Prior to the introduction of therapies that specifically target NSCLC with EGFRex20ins mutations, patients were treated with regimens intended for other EGFR mutations, albeit with varying results. First- and second-generation TKIs yielded ORR <30% and PFS of approximately 3 months. These parameters were slightly improved with the use of platinum-based chemotherapy.12

For long, platinum-based chemotherapy regimens have been utilized as first-line treatment for patients with EGFR exon 20 insertion mutations; however, the efficacy of these regimens is not optimal.
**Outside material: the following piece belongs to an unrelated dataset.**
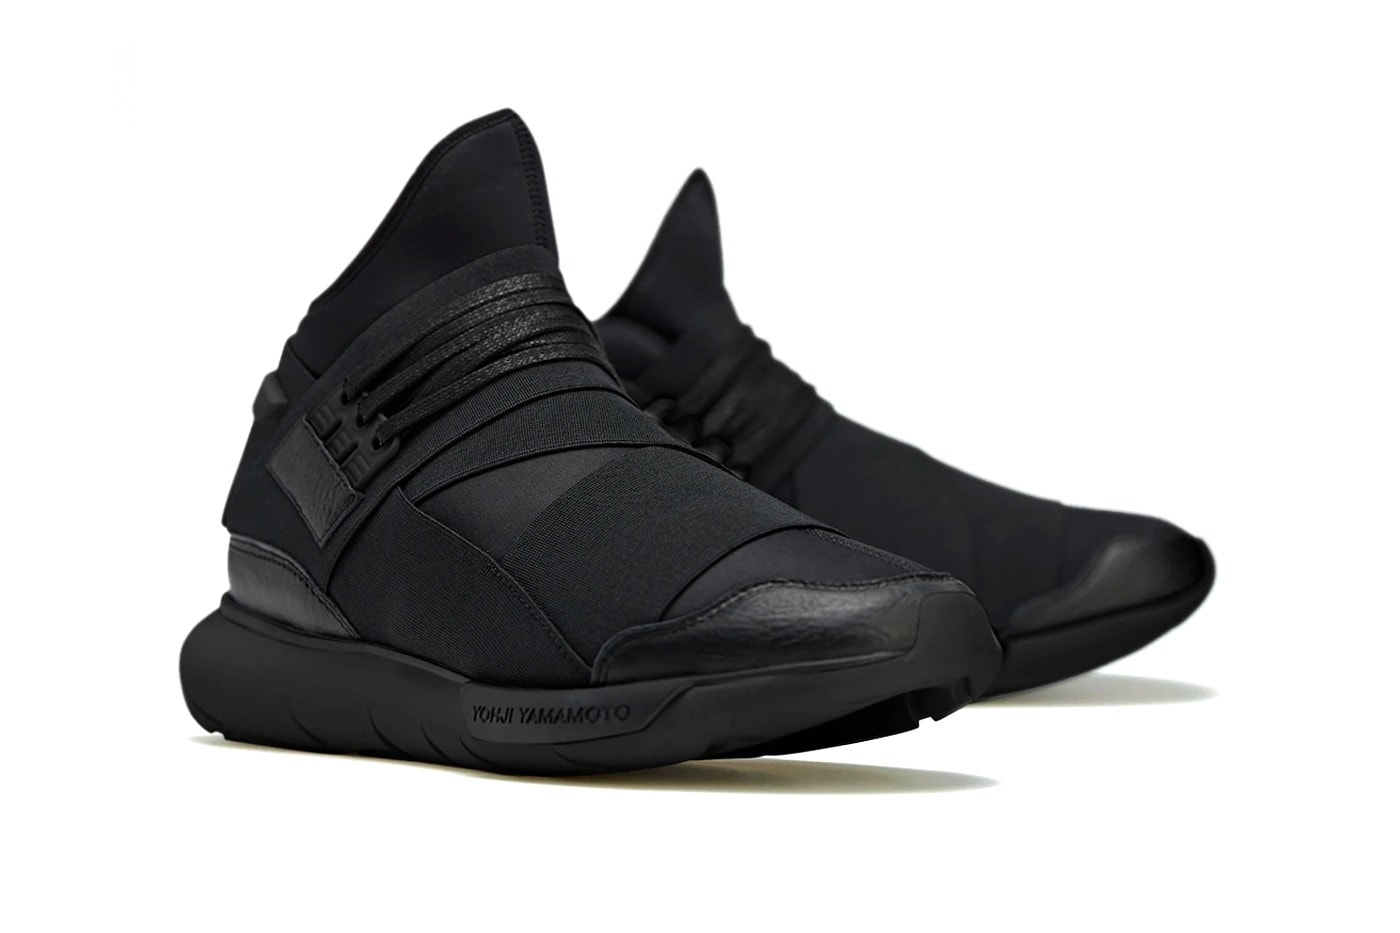 經典人氣鞋款 adidas Y-3 Qasa High「Triple Black」即將重新發售

Retrospective studies indicate an ORR between 19.0% and 19.2%, mPFS of 6.4–7.6 months, and mOS of 19.9 months.10 Monotherapy with docetaxel as a second-line agent following platinum failure provided little benefit (ORR 14%; mPFS 3.0 months) which was marginally improved when used in combination with the vascular endothelial receptor-2 antagonist, ramucirumab (ORR 23%; mPFS 4.5 months).12

With the less than favorable outcomes associated with use of first- and second-generation EGFR-TKIs and platinum-based chemotherapy regimens, further investigations into the efficacy of other therapies have been undertaken. The third-generation TKI poziotinib showed promising results during in vitro testing; however, ORR was only 15–19% with mPFS of 4–6 months. Osimertinib, a third-generation irreversible TKI approved for EGFR T790M-positive NSCLC, has demonstrated some activity against EGFRex20ins mutants and is associated with an improved ORR (25%) and mPFS (9.7 months) when used as second-line therapy at higher than approved doses (160mg).12 However, there remains a need for additional therapies that target NSCLC characterized by EGFRex20ins mutations.5 One such therapy is an oral TKI, mobocertinib (TAK-788), which was designed specifically to treat patients with EGFRexon20ins mutation positive NSCLC.6,10

Development of Mobocertinib

The development of a therapy that targets EGFRex20ins mutations required investigation into the structural properties inherent to these mutations. To this end, biochemical assays against double-mutant (T790M/L858R) and WT EGFR led to the identification of a pyrimidine ring as a key feature that allows selectivity for T790M over WT protein.5 These assays evaluated a variety of features from a library of compounds which included the position of the α,β-unsaturated acrylamide group and its importance in the modulation of thiol reactivity. Acrylamide, a reactive electrophile, ideally will have low thiol reactivity in order to initially form a reversible bond with the EGFR mutant target prior to covalent modification of the C797 residue. This low reactivity allows for proper orientation in binding and results in reduced off-target reactions with a resultant decrease in adverse events. These favorable properties were previously observed in osimertinib’s interaction with EGFR double mutants and the M793 hinge residue. From these assays, a structure was identified for its cellular potency in terms of half-maximal inhibitory concentration (IC50) and high selectivity against double mutant cells over WT. Furthermore, this molecule resulted in tumor growth suppression in mouse models.5

This molecule underwent further structural optimization to what would become mobocertinib. One modification, which was already utilized by osimertinib and identified to improve cellular potency, was the incorporation of N,N,N’-trimethylethylenediamine at the C4-position of the aniline ring. This modification improved flexibility and optimized interaction at the C797 binding site. Compared to osimertinib, mobocertinib differs by the presence of a carboxylated isopropyl ester moiety at the C5-position of the central pyrimidine core. Docking studies of the EGFRex20ins NPG mutant found that this modification facilitated an interaction with a selectivity pocket adjacent to T790 (gatekeeper residue) that was not occupied by osimertinib. This interaction accounts for the difference in affinity and selectivity of mobocertinib over osimertinib in EGFRex20ins mutants with and without T790M.5,6 Further assays were utilized to demonstrate the superior affinity of mobocertinib for mutant over WT.6

Mechanism of Action

Mobocertinib is an oral TKI that selectively targets EGFR and HER2 exon 20 insertion mutations. While the role of HER2 exon 20 insertion mutations in NSCLC is unclear, their presence accounts for a significant portion (90%) of HER2 mutation in NSCLC.13 For the purposes of this review, the focus will be on EGFR mutations.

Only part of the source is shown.